Mathematics explains why Crispr-Cas9 sometimes cuts the wrong DNA
The discovery of the Cas9 protein has simplified gene editing, and may even make it possible to eliminate many hereditary diseases in the near future. Using Cas9, researchers have the ability to cut DNA in a cell to correct mutated genes, or paste new pieces of genetic material into the newly opened spot. Initially, the Crispr-Cas9 system seemed to be extremely accurate. However, it is now apparent that Cas9 sometimes also cuts other DNA sequences similar to the sequences it was programmed to target. Scientists at Delft University of Technology have developed a mathematical model that explains why Cas9 cuts some DNA sequences while leaving others alone.
The Crispr-Cas9 system is a defence mechanism that protects bacteria from viruses. If a virus enters a bacterium but does not take over the cell, the defence system cuts out some genetic material from the virus and stores it in the bacterium's own genome. The built-in viral DNA acts as a genetic memory. If the same virus attacks the bacterium (or its descendants), it quickly recognises the attacker and can send out Cas9 proteins to track it down. Using viral RNA as a sort of "cheat sheet," the protein hunts for hostile DNA in the cell. If it finds a match, the Crispr-Cas9 system then cuts the viral DNA, incapacitating the threat.
Scientists initially thought that Crispr-Cas9 only cleaves a piece of DNA if it exactly matches the cheat sheet of RNA that it carries. However, that assumption has now been proven wrong. The protein sometimes cuts DNA sequences that resemble the material it is looking for, but that contain a number of different letters. According to researcher Martin Depken of Delft University of Technology, cutting such slightly differing sequences is very logical from an evolutionary point of view. "Viruses mutate constantly, and can therefore have a different genetic make-up than what Cas9 is looking for," he says. "By also cutting DNA sequences that are slightly different, the Crispr-Cas9 system can track the evolution of a virus and better protect the bacterium against its foes."
But in this case, what is good for bacteria is bad for humans. If we want to use Cas9 to edit genes from DNA, it is imperative that no genes are cut other than the ones researchers target.

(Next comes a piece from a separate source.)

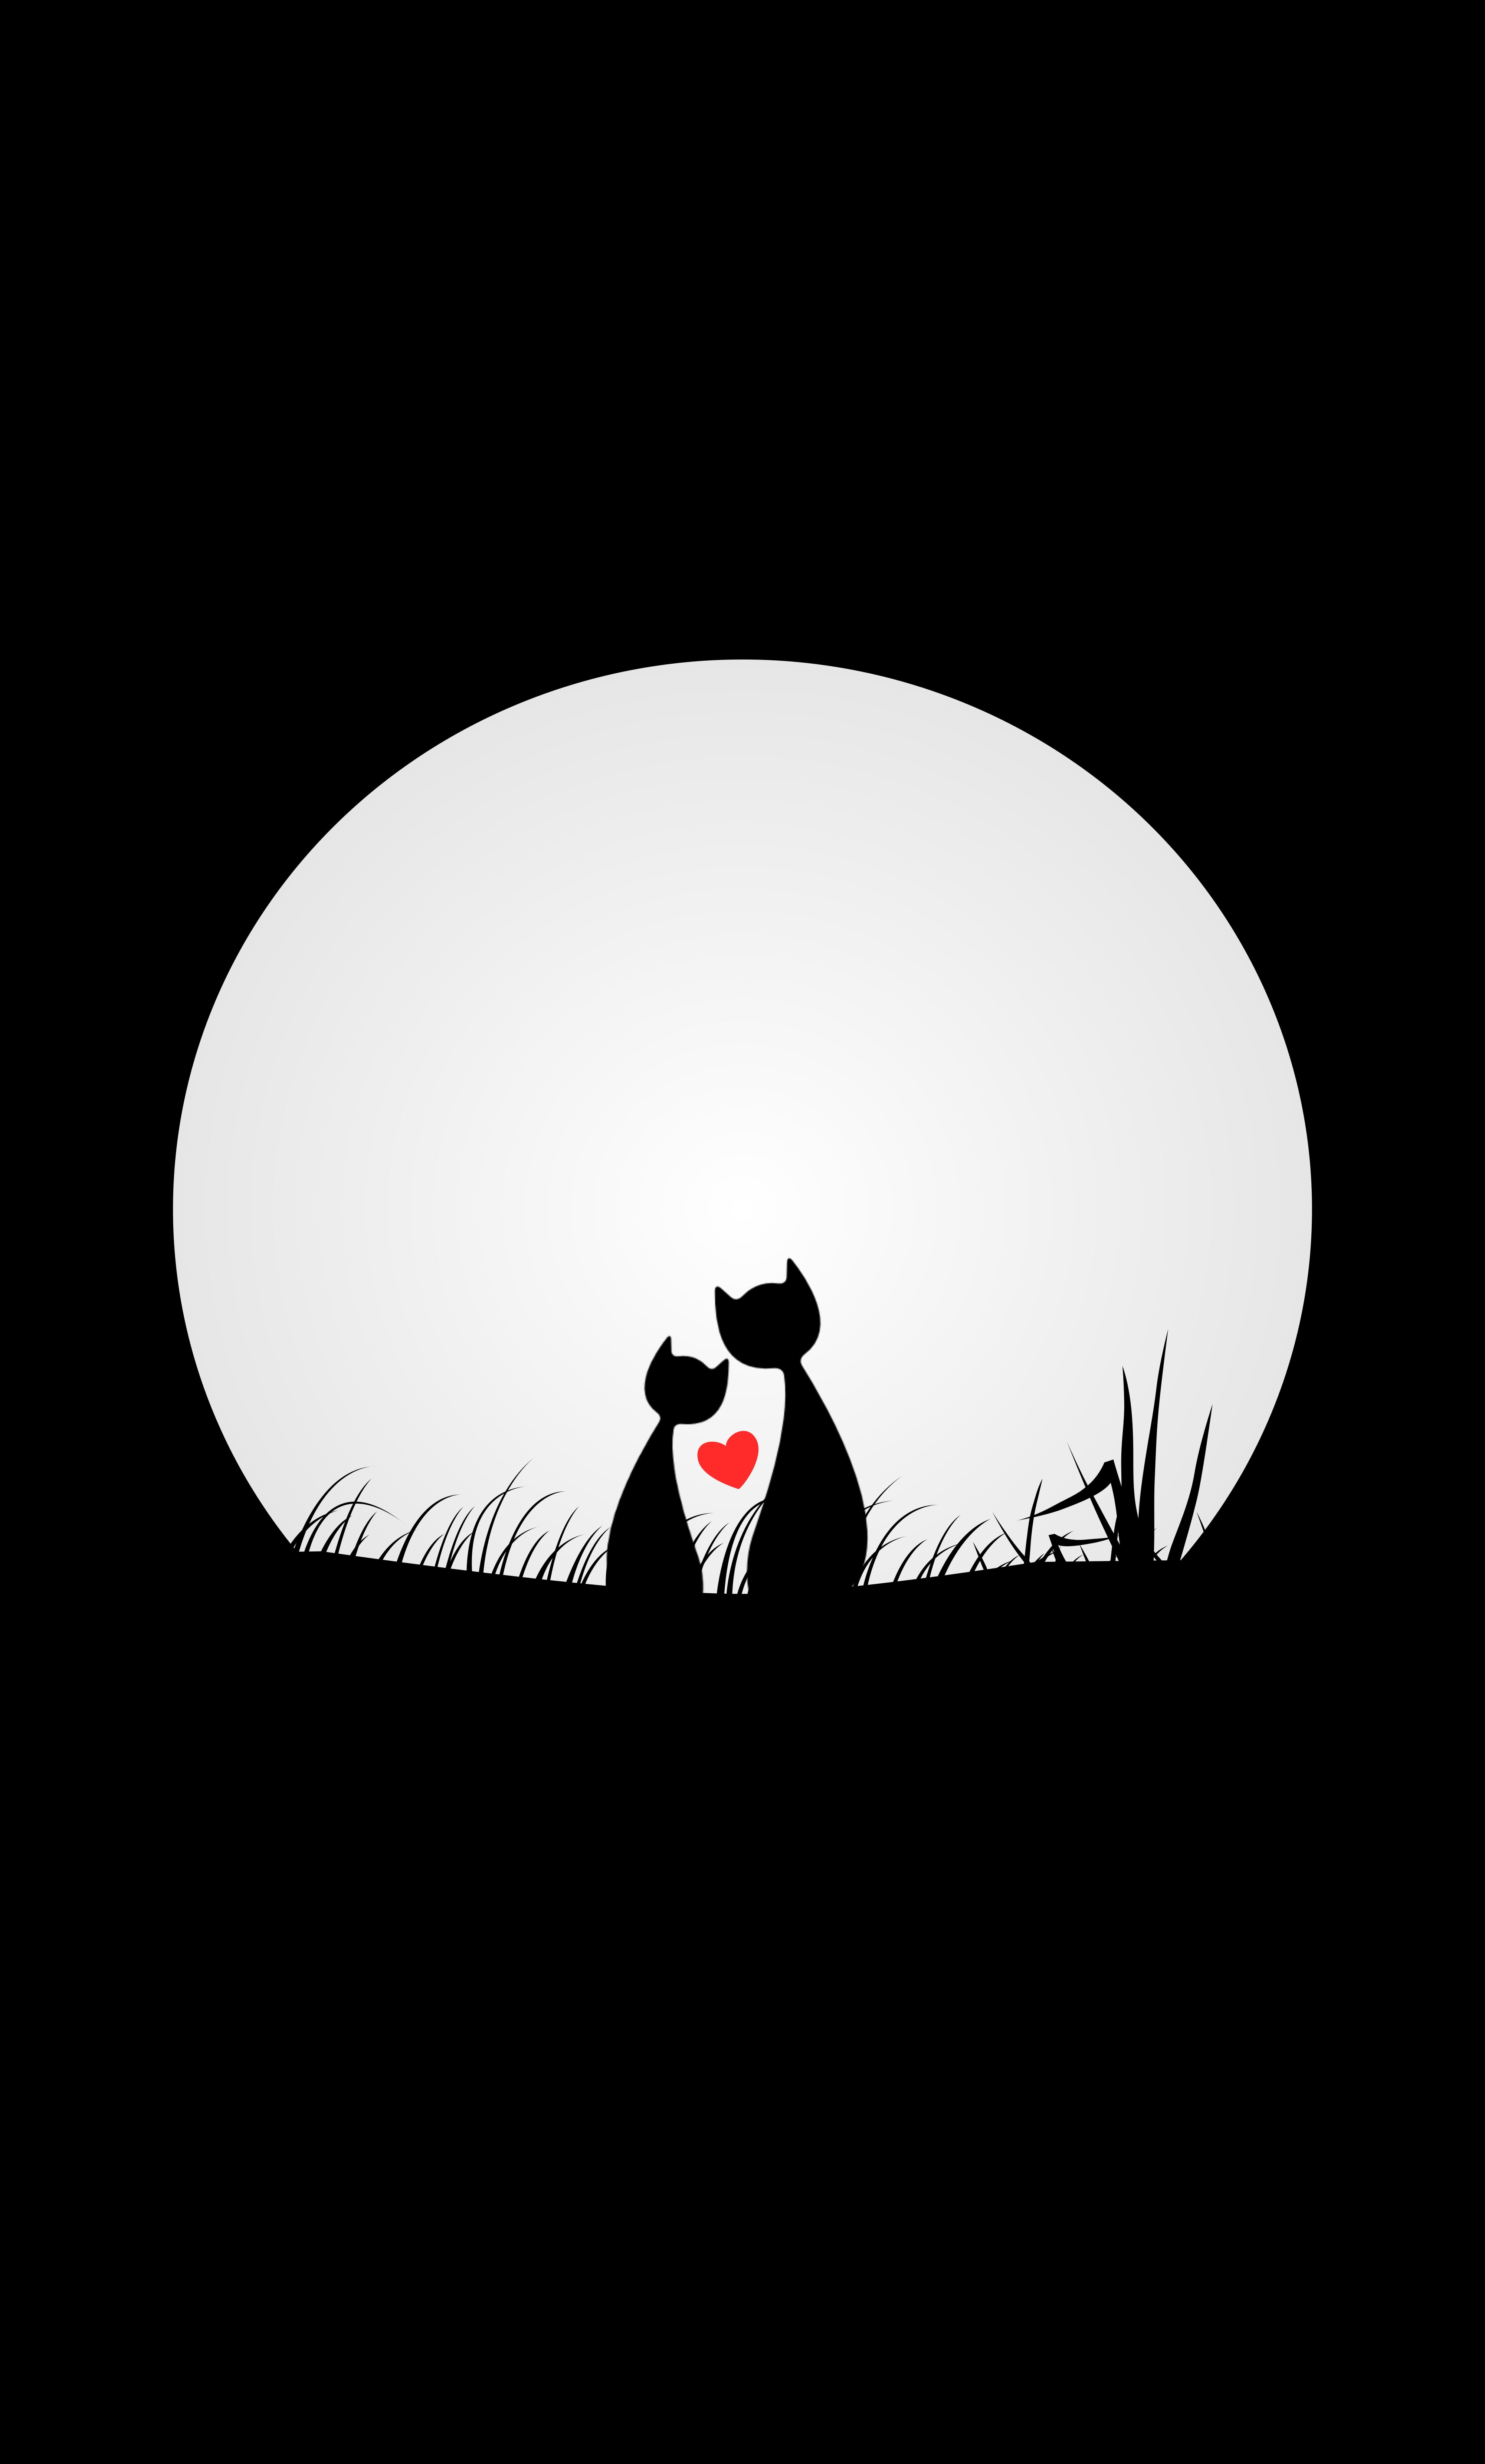 two black cat wallpaper, cats, love, silhouettes, night, moon
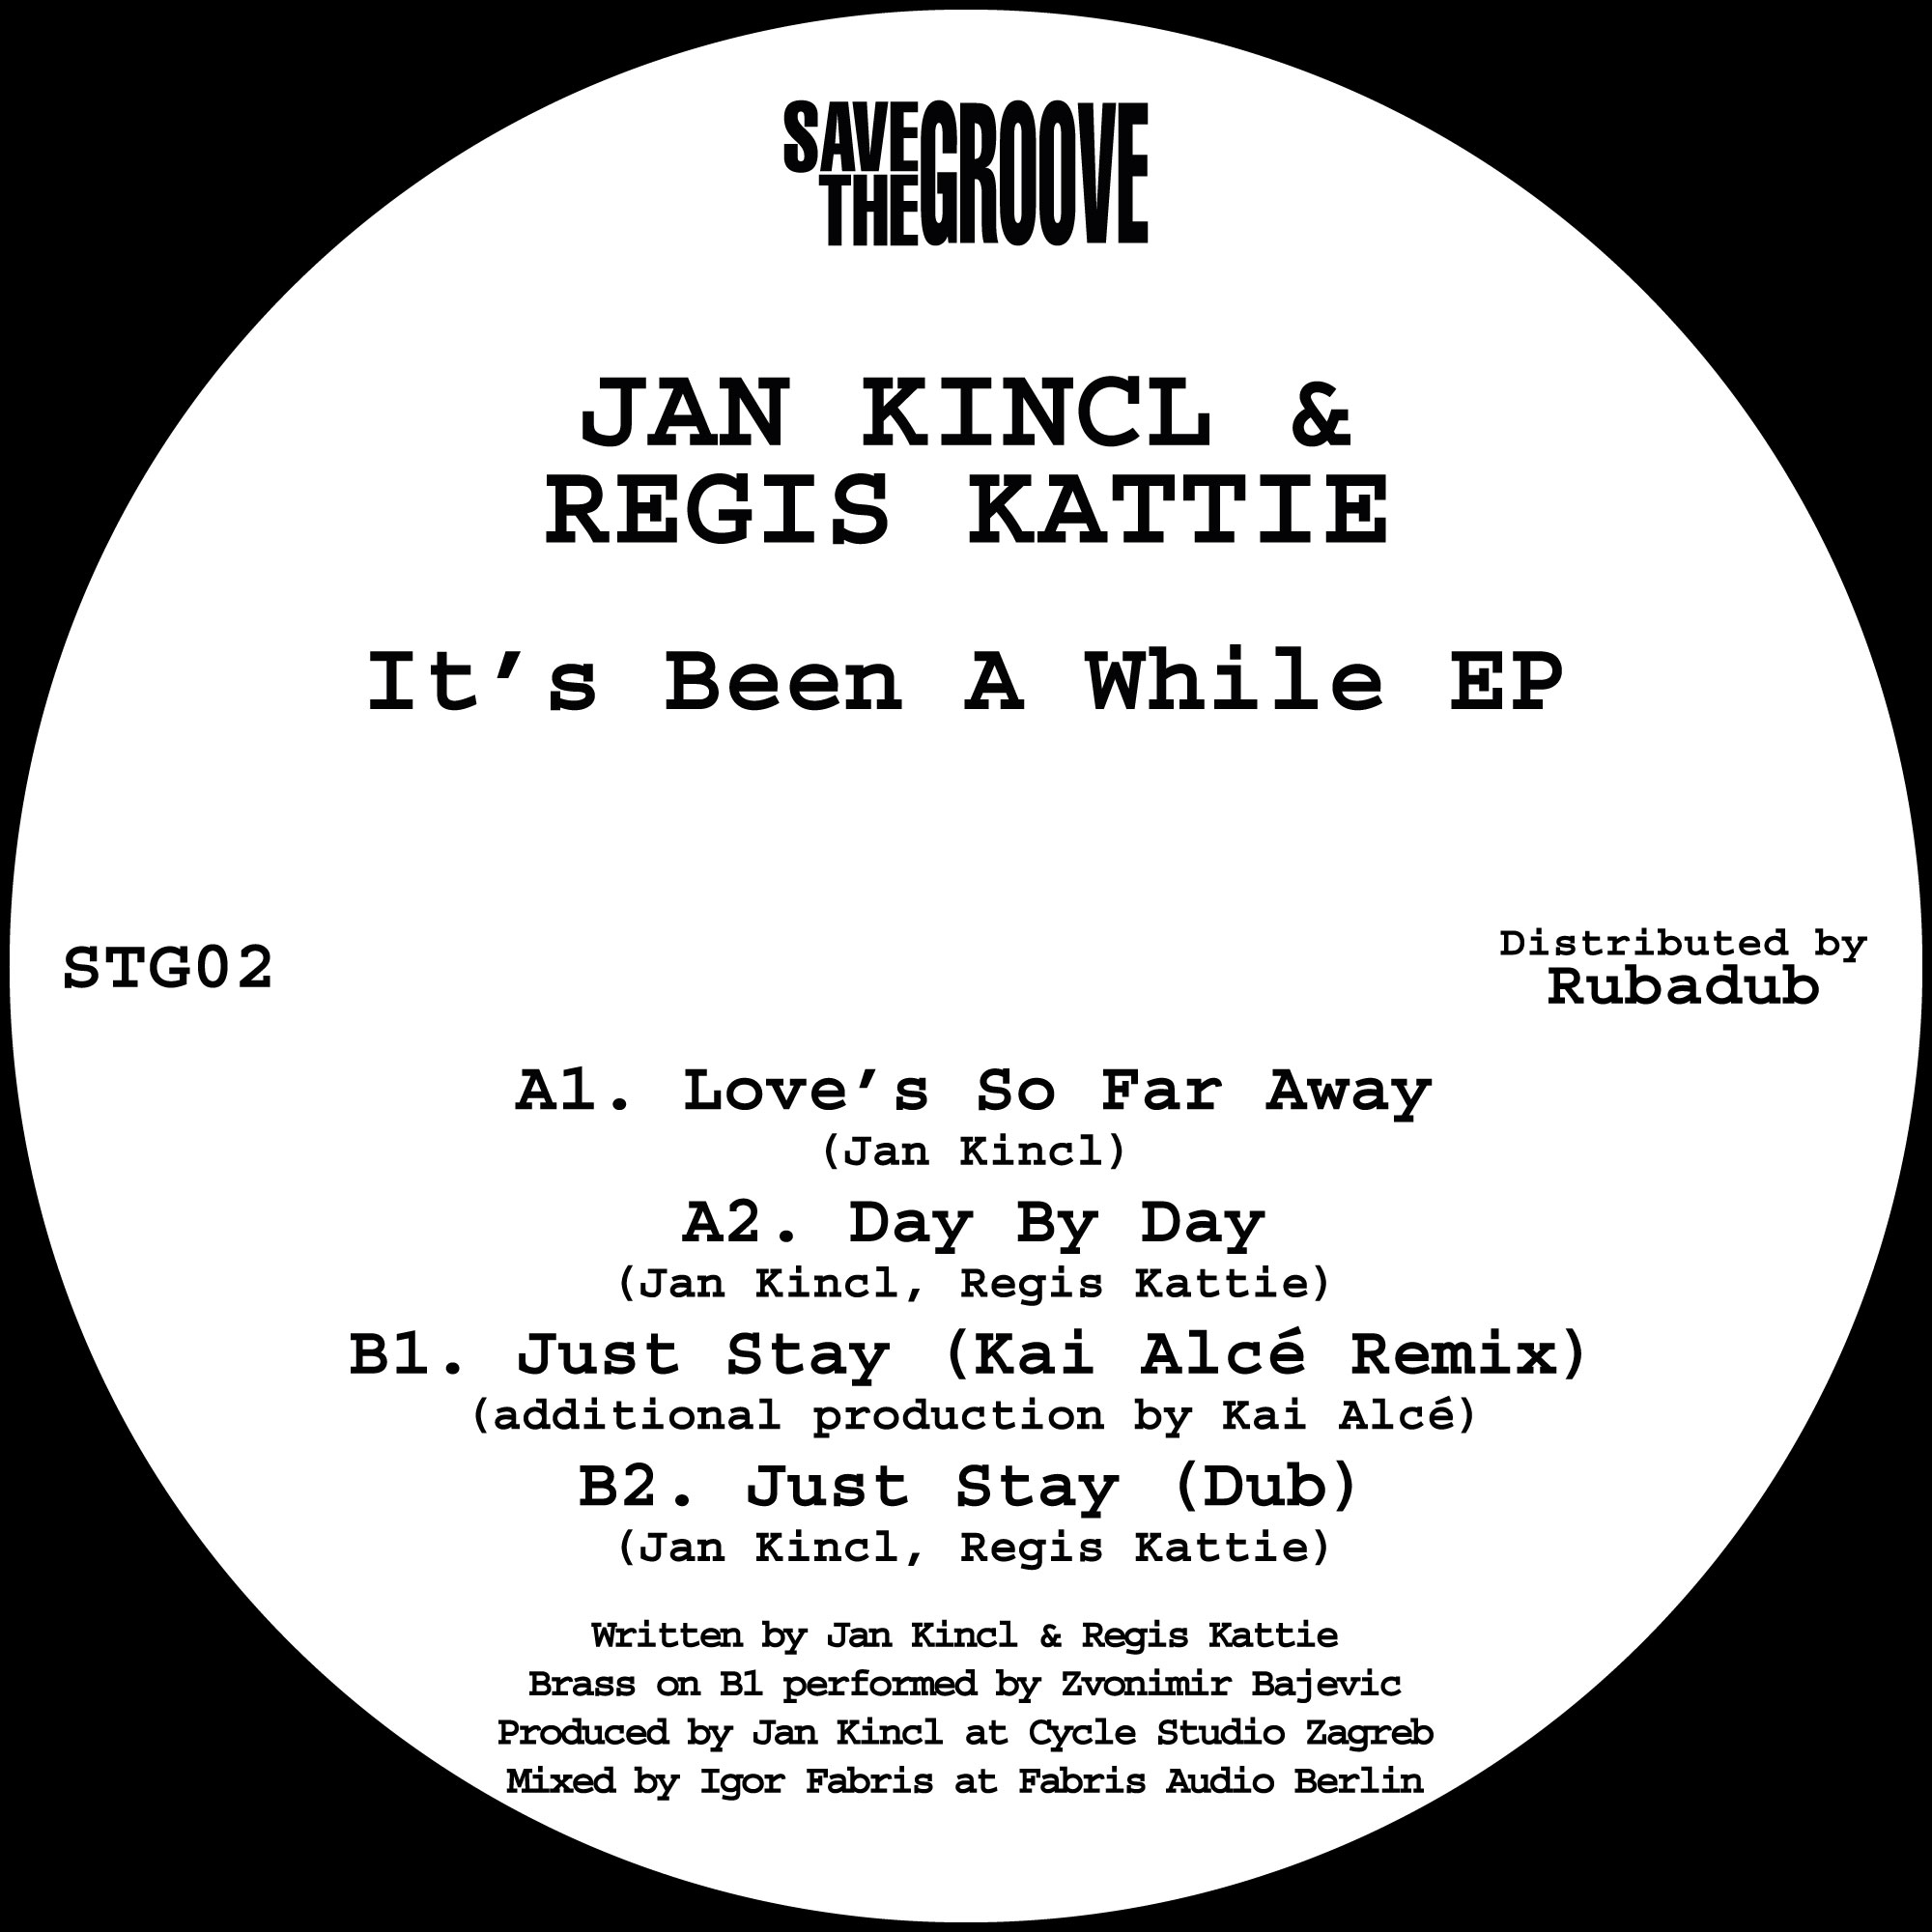 ITS BEEN A WHILE EP (inc. KAI ALCE REMIX)

Destroying other genetic material can have dire consequences.
Experiments have shown that Crispr-Cas9 is more likely to cut certain non-matching sequences than others. Scientists from the research group of Martin Depken, led by Ph.D. student Misha Klein, wondered what the underlying physics were that determine this preference. Depken says it's all about the energy it costs to make base pairs that deviate from the RNA template.
"When Cas9 checks if a DNA sequence is a match, it starts at one end of the strand," Depken explains. "Then, it checks all of the letters of the strand in turn. For each match, Cas9 is rewarded with energy, while any mismatch costs energy. The more errors a DNA sequence contains, and the closer they are to the start of sequence, the more likely it is that the protein will refrain from cutting. Instead, it will unbind from the DNA and continue its search for a piece of genetic material that better matches its RNA template.
According to Depken, the simple mathematical model developed by his group predicts existing data about Cas9's cutting behaviour surprisingly well. If an error is situated at the end of the sequence, the protein will likely have amassed enough energy to overcome that hurdle, which increases the probability of cutting. The model also explains why Cas9 refrains from cutting when it encounters a mismatch at the beginning of a sequence, or when two mismatches are close together.
When it comes to the probability that a DNA sequence will be cut, the physical properties of the Cas9 protein itself also play a role. Depken and his colleagues are now looking to incorporate this variable into their model. Ultimately, the model should lead to better predictions of the errors that Cas9 is likely to make. "Sometimes, there is a choice in the exact location to cut when fixing a gene, and our model will help determine which locations are the best to target," says Depken. The physical understanding provided by the model can also help efforts to avoid life-threatening mistakes while editing DNA.